By the Hyperplane separation theorem, for every pair $i\neq j$ there is a line $L_{ij}$ separating $D_i$ from $D_j$. The line $L_{ij}$ divides the plane to two half-planes: one of them (call it $H_{ij}$) contains $D_i$ and the other (call it $H_{ji}$) contains $D_j$.
For every $i$, define:
$$ E_i = C \cap \left( \cap_{j\neq i} H_{ij} \right) $$
Every $E_i$ is convex since it is an intersection of convex objects.
For every $i$, $D_i\subseteq E_i$ since it is contained in $C$ and in all the half-planes in the intersection.
The $E_i$ are pairwise-disjoint since for every $i\neq j$, the half-plane $H_{ij}$ contains $E_i$ and is disjoint from $E_j$.
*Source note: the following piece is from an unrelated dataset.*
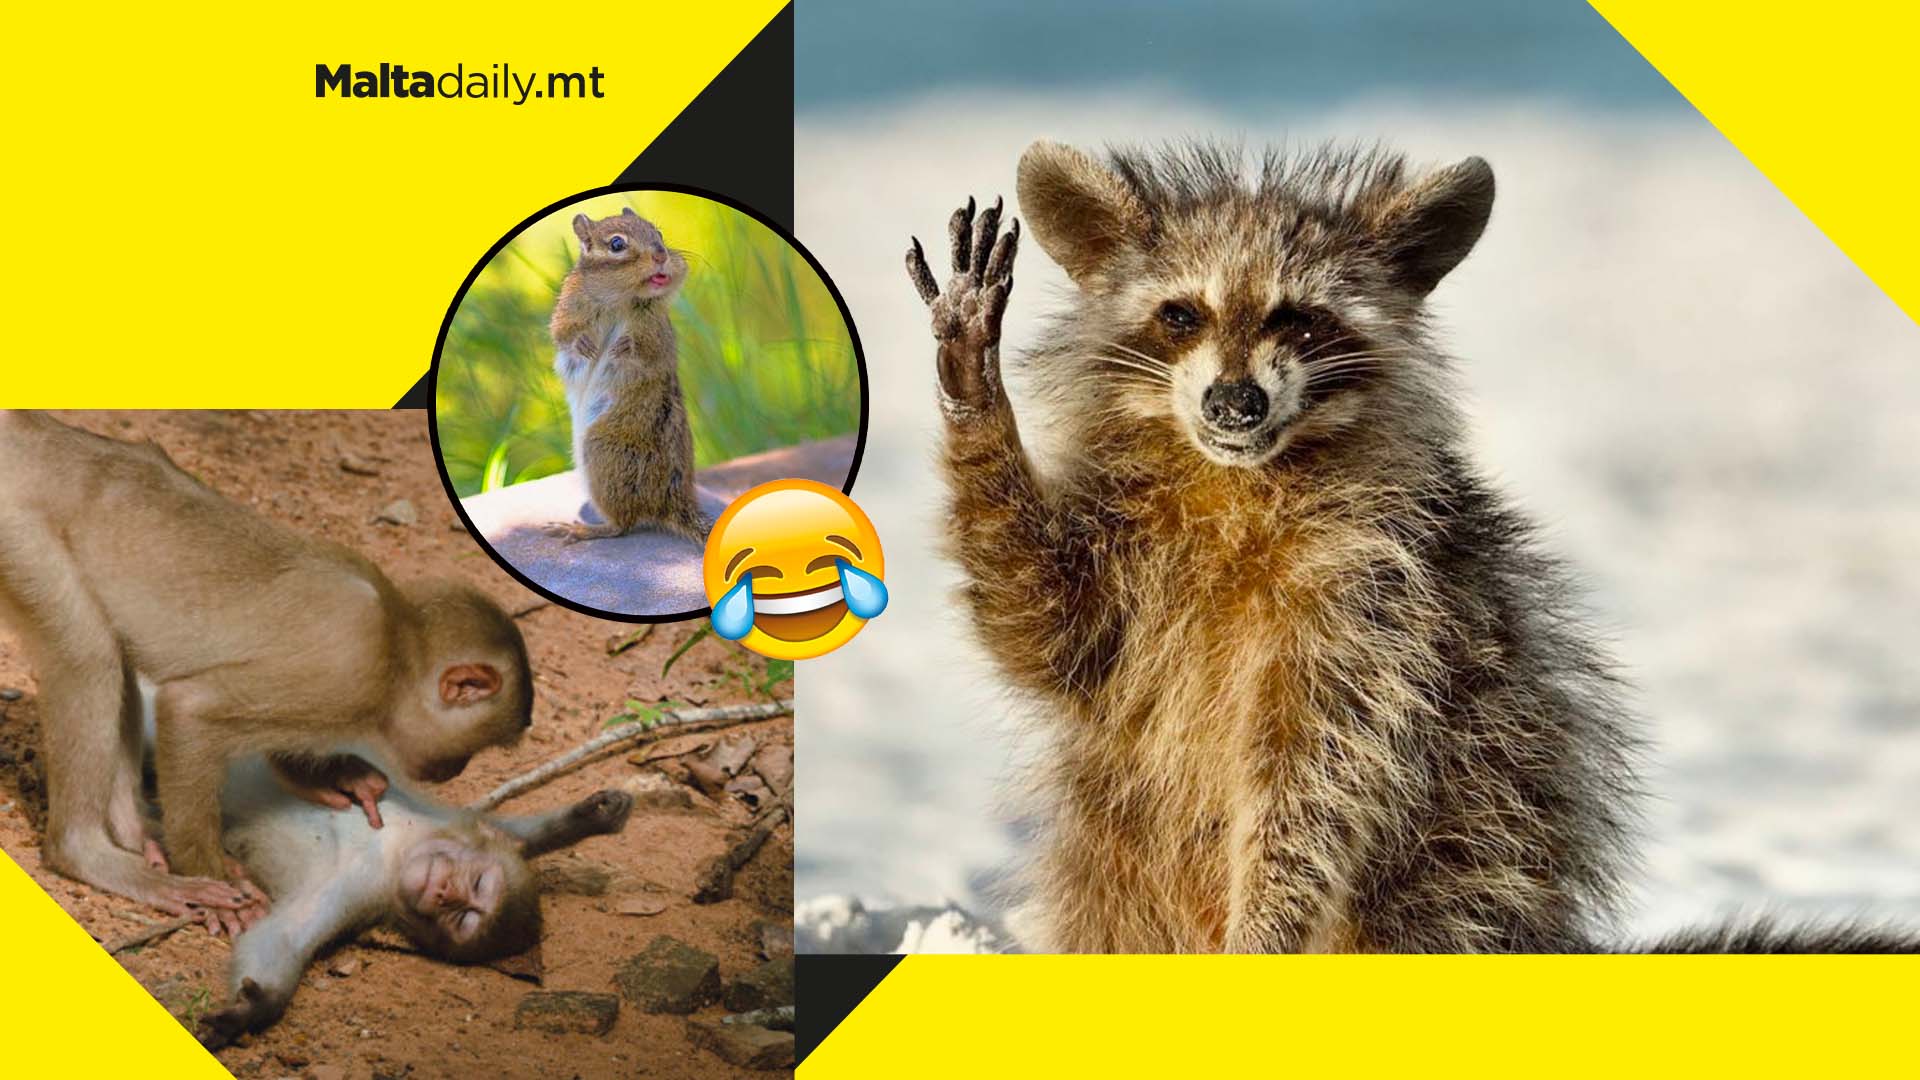 Here are some Comedy Wildlife Photo Awards finalists for 2022

Problem is, the union of the $E_i$ is not equal to $C$! As seen in the illustration below (where I kept only $D_1,D_2,D_4$), there is a blue triangle which is not contained in any of the $E_i$-s:
I think you are about one step away from constructing a counterexample.
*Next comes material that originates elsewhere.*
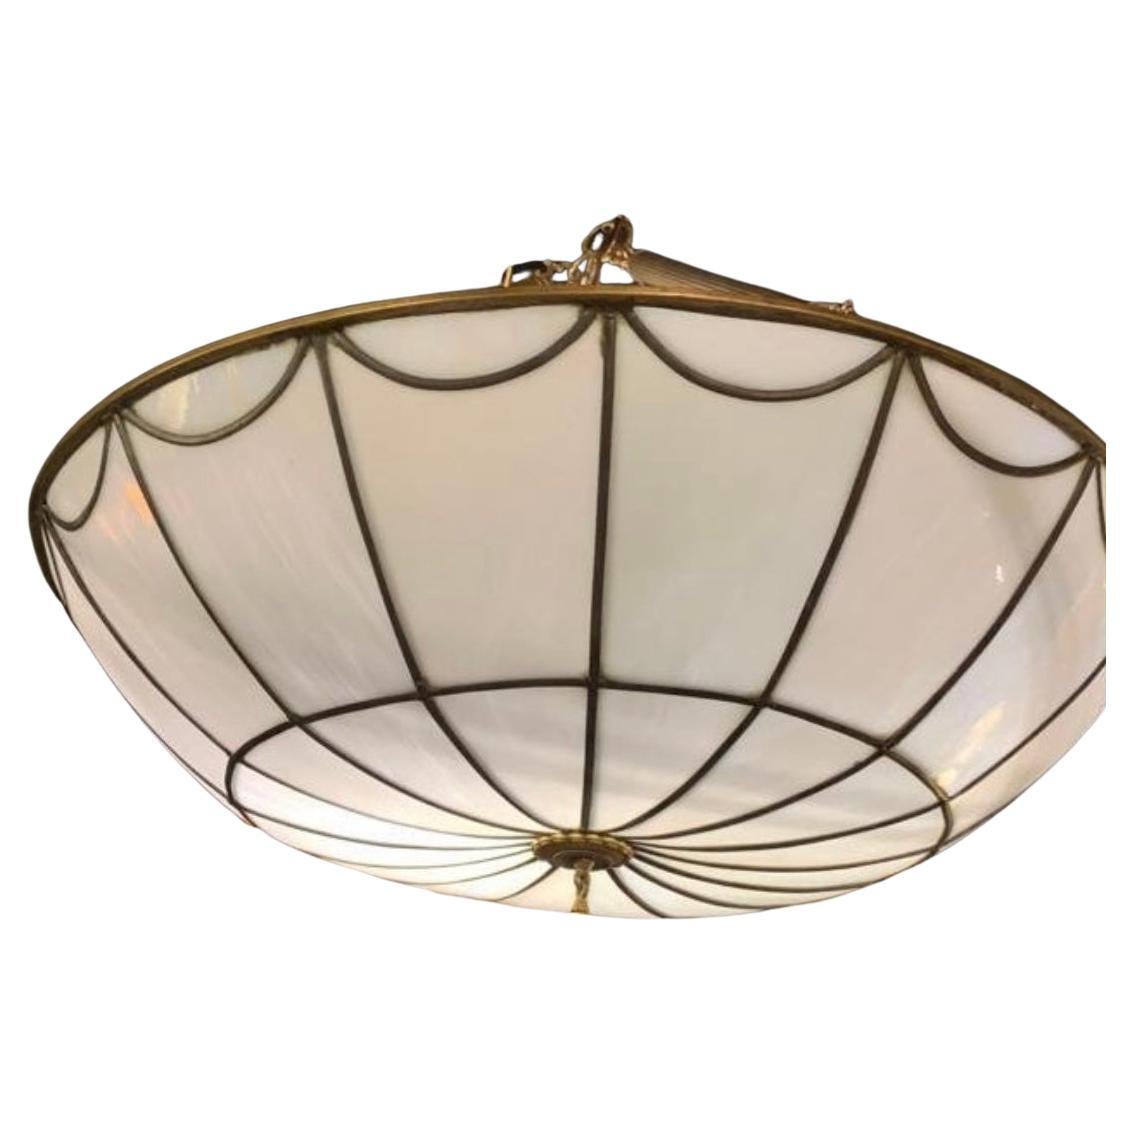 A circa 1920's large leaded glass light fixture with 8-10 interior lights.

Consider your last figure. The interiors of regions $E_1$, $E_2$, and $E_4$ are pairwise disjoint convex sets whose union is a proper subset of $C$.
The only convex subsets of $C$ that contain $E_1$ and do not intersect either $E_2$ or $E_4$ are subsets of the closure of $E_1$. That is, the convex subset of $C$ must of course contain $E_1$, and it may contain some or all of the points on the boundary of $E_1$, but it cannot contain any points "above" line $L_{24}$ or to the "right" of line $L_{12}$, because inevitably there would be line segments connecting those points to points of $E_1$ while passing through either $E_2$ or $E_4$.
If you want the $D_i$ to be closed sets, then let $D_i$ be the set of all points inside the $E_i$ shown in the figure, and at least $\epsilon$ away from the boundary of $E_i$, setting $\epsilon$ small enough so that there is not enough "wiggle room" between the $D_i$ to construct convex sets containing them that look much different from the $E_i$ in the figure. In particular you can ensure that most of the area of the blue triangle continues to be impossible to include in the desired partition of $C$.